A: The answer depends on the time period analyzed. There was an unusual time period spanning from mid-June 2023 through (very approximately) August 2023. During this time period, the number lines during ring-ups was much greater than in the rest of O4, and the appearance of the contamination may have begun at lower violin mode amplitudes.

What to keep in mind when looking at the plots.

1. These plots use the Fscan line count in a 200-Hz band around each violin mode region, which is a pretty rough metric, and not good for picking up small variations in the line count. It's the best we've got at the moment, and it can show big-picture changes. But on some days, contamination is present, but only in the form of ~10 narrow lines symmetrically arranged around a high violin mode peak. (Example in the last figure, fig 7) This small jump in the line count may not show up above the usual fluctuations. However, in aggregate (over all of O4) this phenomenon does become an issue for CW data quality. These "slight contamination" cases are also particularly important for answering the question "at what violin mode amplitude does the contamination just start to emerge?" In short, we shouldn't put too much faith in this method for locating a cut-off problematic violin mode height.

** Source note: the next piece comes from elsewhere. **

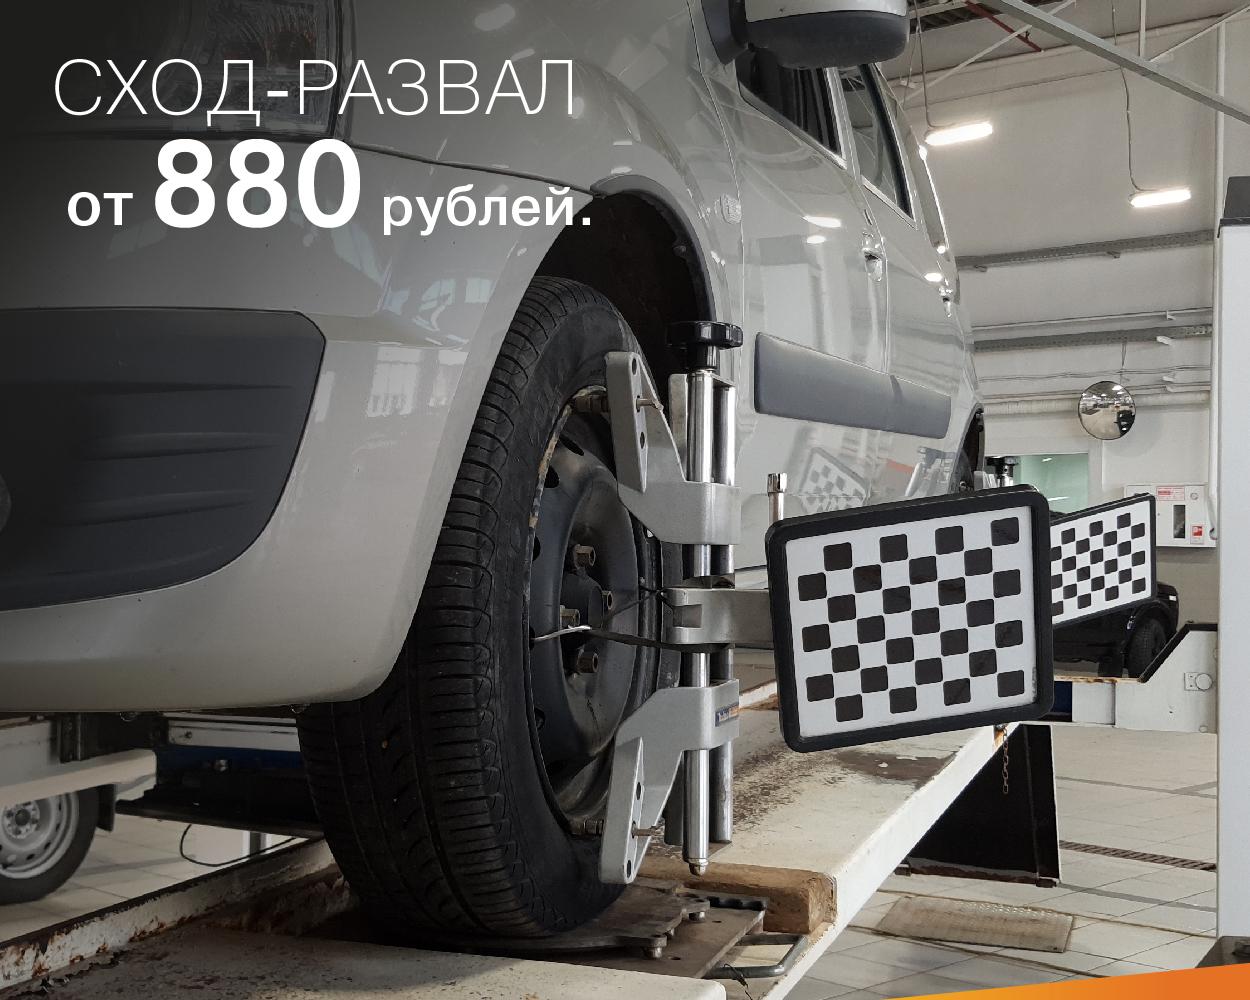 Сход-развал от 880 рублей

2. The violin modes may not be the only factor in play, so we shouldn't necessarily expect a very clear trend. For example, consider alog 79825 . This alog showed that at least some of the contamination lines are violin mode + calibration line intermodulations. Some of them (the weaker ones) disappeared below the rest of the noise when the violin mode amplitude decreased. Others (the stronger ones) remained visible at reduced amplitude. Both clusters vanished when the temporary calibration lines were off. If we asked the question "How high do the violin modes need to be...?" using just these two clusters, we'd get different apparent answers depending on (a) which cluster we chose to track (weak or strong), and (b) which time period we selected (calibration lines on or off). This is because at least some of the contamination is dependent on the presence & strength of a second line, not a violin mode.

Looking at the data

First, let's take a look at a simple scatter plot of the violin mode height vs the number of lines identified. This is figure 1. It's essentially an updated version of the scatter plots in alog 71501. It looks like there's a change around 1e-39 on the horizontal axis (which corresponds to peak violin mode height).

However, when we add color-coding by date (figure 2), new features can be seen. There's a shift at the left side of the plot, and an unusual group of high-line-count points in early O4.

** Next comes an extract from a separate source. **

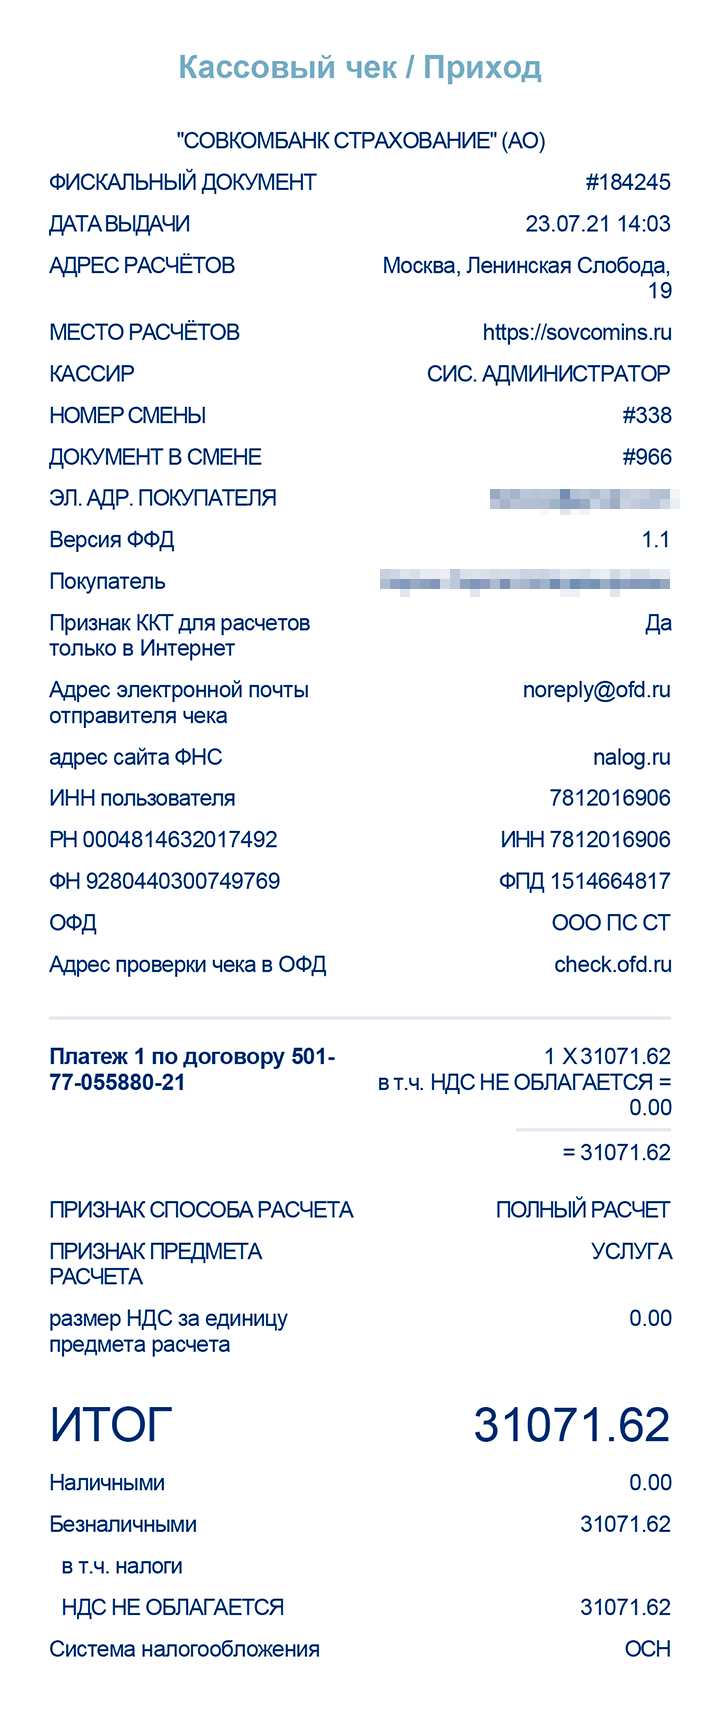 Новая страховка обошлась нам на 18тысяч рублей дешевле, чем продление старой

The shift at the left side of the plot is likely due to an unrelated data quality issue: combs in the band of interest. In particular, the 9.5 Hz comb, which was identified and removed mid O4, contributes to the line count. Once we subtract out the number of lines which were identified as being part of a comb, this shift disappears (figure 3).

With the distracting factor of comb counts removed, we still need to understand the high-line-count time period. This is more interesting. I've broken the data down into three epochs: start of O4 - June 21, 2023 (figure 4); June 21, 2023 - Sept 1 2023 (figure 5); and Sept 1 2023 - present (figure 6). As shown in the plots, the middle epoch seems notably different from the others.

These dates are highly approximate. The violin mode ring-ups are intermittent, so it's not possible to pinpoint the changes sharply. The Sept 1 date is just the month boundary that seemed to best differentiate between the unusual time period and the rest of O4. The June 21 date is somewhat less arbitrary; it's the date on which the input power was brought back to 60W (alog 70648), which seems a bit suspicious. Note that, with this data set, I can't actually differentiate between a change on June 21 and a change (say) on June 15th, so please don't be misled by the specificity of the selected boundary.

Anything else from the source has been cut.